In fact, that process has already begun. Even before the most recent war, which began when Iran was already significantly weakened, the mantle of Israel’s existential enemy was starting to be passed onto a new “radical Sunni axis” consisting of Turkey and Qatar. In particular, for the past two years, Israel’s political and media class have been working overtime to dub Turkey in particular as an “existential threat,” “the new Iran,” “Islamic Brotherhood monster,” and even gained the nickname internally in the Israeli military of the “Ikhwan Axis,” referring to the Muslim Brotherhood ideology that they believe animates Turkey and Qatar.

“Within ten years, perhaps even less, the Sunni, terror-supporting regime in Ankara will try to take control of the Middle East,” Amit Segal, one of Israel’s most prominent journalists, said on January 23rd of this year. “It too will have proxies, and it too will try to encircle Israel . . . it is not yet too late to act.”

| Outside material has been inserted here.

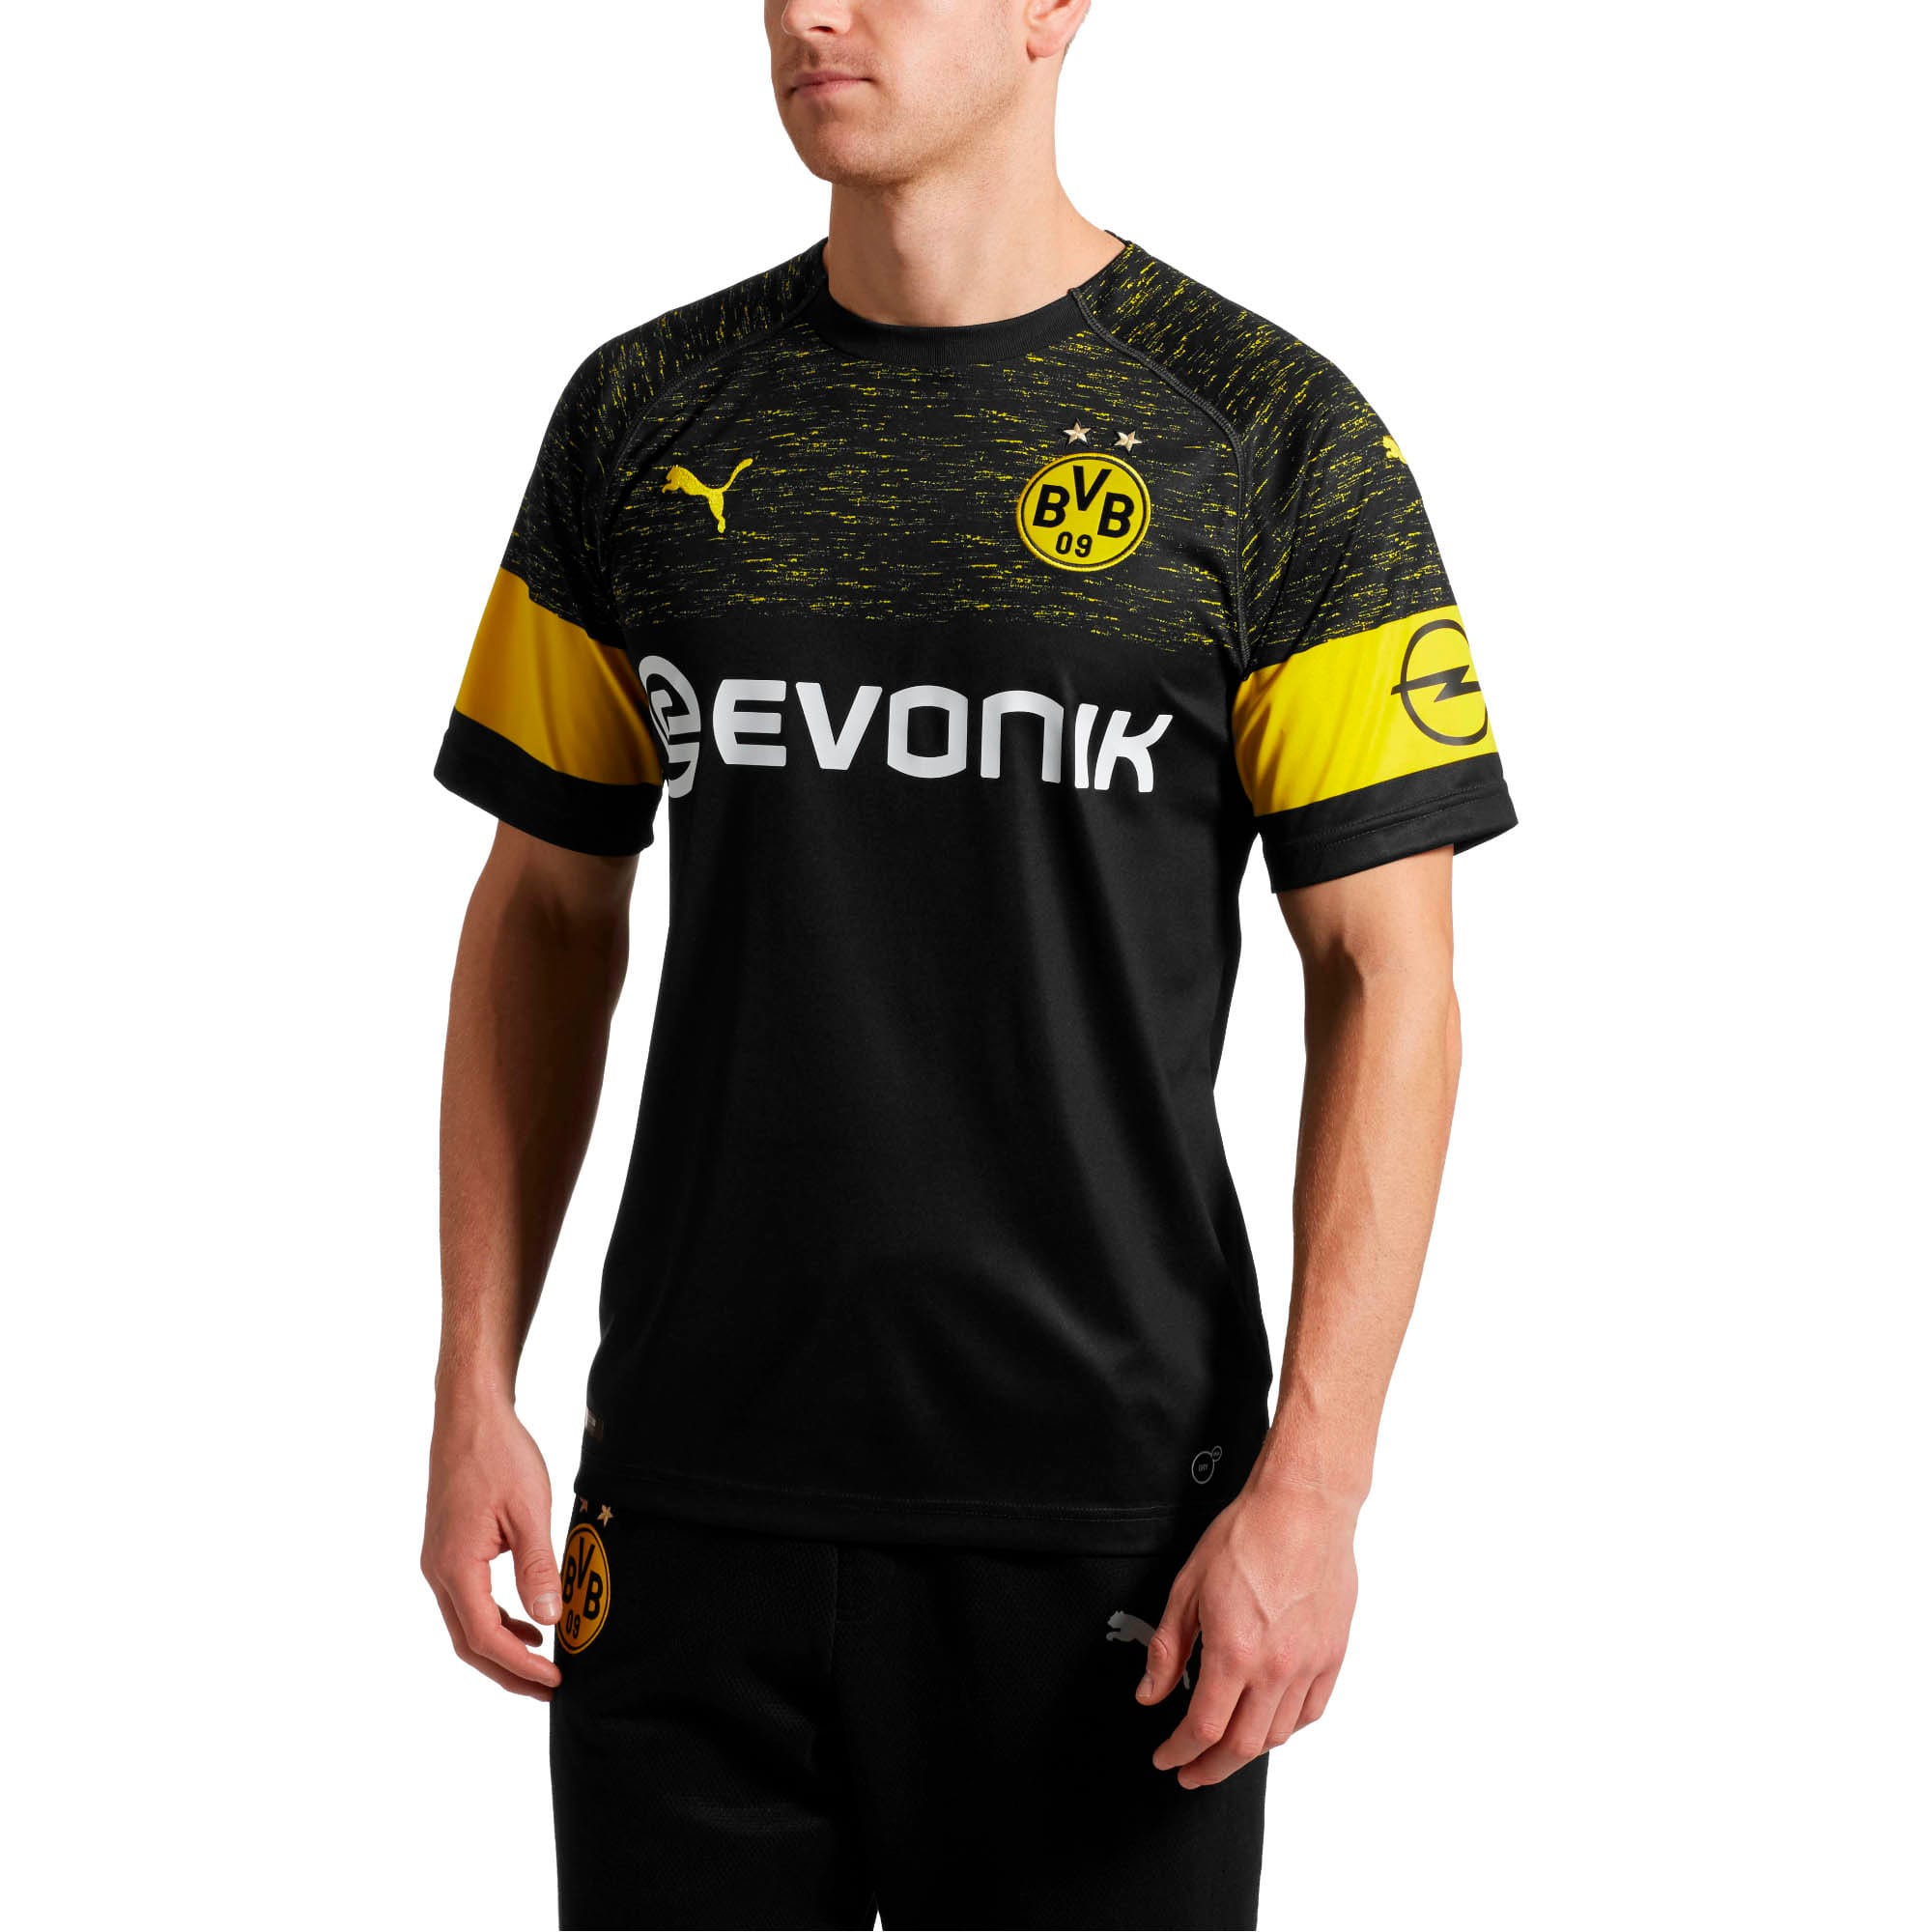 Thumbnail 1 of BVB Men's Replica Away Shirt, Puma Black, medium

It is not just Netanyahu and his immediate allies advancing this narrative. Given the currency that Netanyahu has gained from the Iran narrative, opposition leaders are racing to conjure the next nemesis. For these politicians, so-called “Qatargate”—the scandal where Netanyahu staffers allegedly received money from representatives from Doha—has presented an opportunity to kill two birds with one stone.

Once the story broke, it was opposition leader Yair Lapid who proposed the bill to designate Qatar as an enemy state (despite its tireless mediation for a ceasefire and hostage deal), and the liberal Zionist hero Yair Golan who rallied European politicians against Turkey and Qatar.

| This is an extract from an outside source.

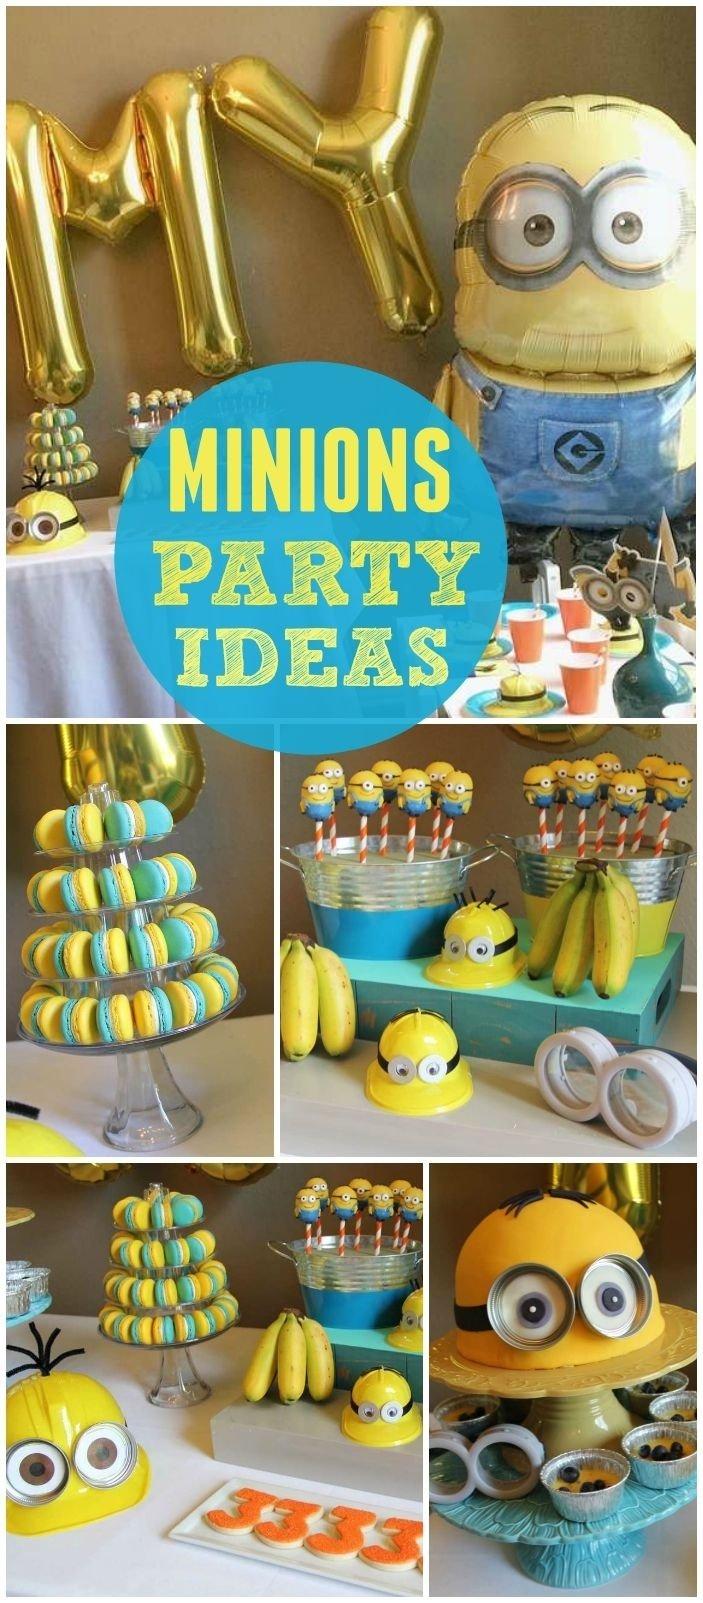 10 Attractive Despicable Me 2 Party Ideas 1174 best despicable me birthday party ideas images on pinterest 2020

Israel’s target this time around is even less convincing. Turkey has the second-largest army in NATO and touts itself to Europe as a bulwark against migrants, while Turkish President Recep Erdogan enjoys close personal ties with US President Donald Trump and has even taken up a position on his Board of Peace. Given its pro-Western position, Turkey is hardly looking to launch a war with Israel.

But Israel is concerned less with the plausibility of its claims than with their effect, and for decades, its strategy of externalization has enabled it both to consolidate its position as the region’s dominant military power and establish deadly facts on the ground in Palestine. It remains to be seen whether this strategy will continue to work with Israel’s old allies in the West or whether it will need to turn further toward new partners with even less liberal pretensions, such as India and the UAE.

Regardless, Israel’s project of preempting Palestine is set to keep fueling the advent of a “might makes right” international order. When states and international institutions legitimize Israel’s war against its latest bogeyman, they accelerate the creation of this world.


Jonathan Shamir is a reporter for Jewish Currents.